Scientific names permit humans and search engines to access knowledge about the biodiversity that surrounds us, and names linked to DNA sequences are playing an ever-greater role in search-and-match identification procedures. Here, we analyze how users and curators of the National Center for Biotechnology Information (NCBI) are flagging and curating sequences derived from nomenclatural type material, which is the only way to improve the quality of DNA-based identification in the long run. For prokaryotes, 18,281 genome assemblies from type strains have been curated by NCBI staff and improve the quality of prokaryote naming. For Fungi, type-derived sequences representing over 21,000 species are now essential for fungus naming and identification.
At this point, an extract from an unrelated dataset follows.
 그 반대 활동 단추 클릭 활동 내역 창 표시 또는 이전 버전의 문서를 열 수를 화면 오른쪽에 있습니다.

For the remaining eukaryotes, however, the numbers of sequences identifiable as type-derived are minuscule, representing only 739 species of arthropods, 1542 vertebrates, and 125 embryophytes. An increase in the production and curation of such sequences will come from (i) sequencing of types or topotypic specimens in museum collections, (ii) the March 2023 rule changes at the International Nucleotide Sequence Database Collaboration requiring more metadata for specimens, and (iii) efforts by data submitters to facilitate curation, including informing NCBI curators about a specimen's type status. We illustrate different type-data submission journeys and provide best-practice examples from a range of organisms. Expanding the number of type-derived sequences in DNA databases, especially of eukaryotes, is crucial for capturing, documenting, and protecting biodiversity.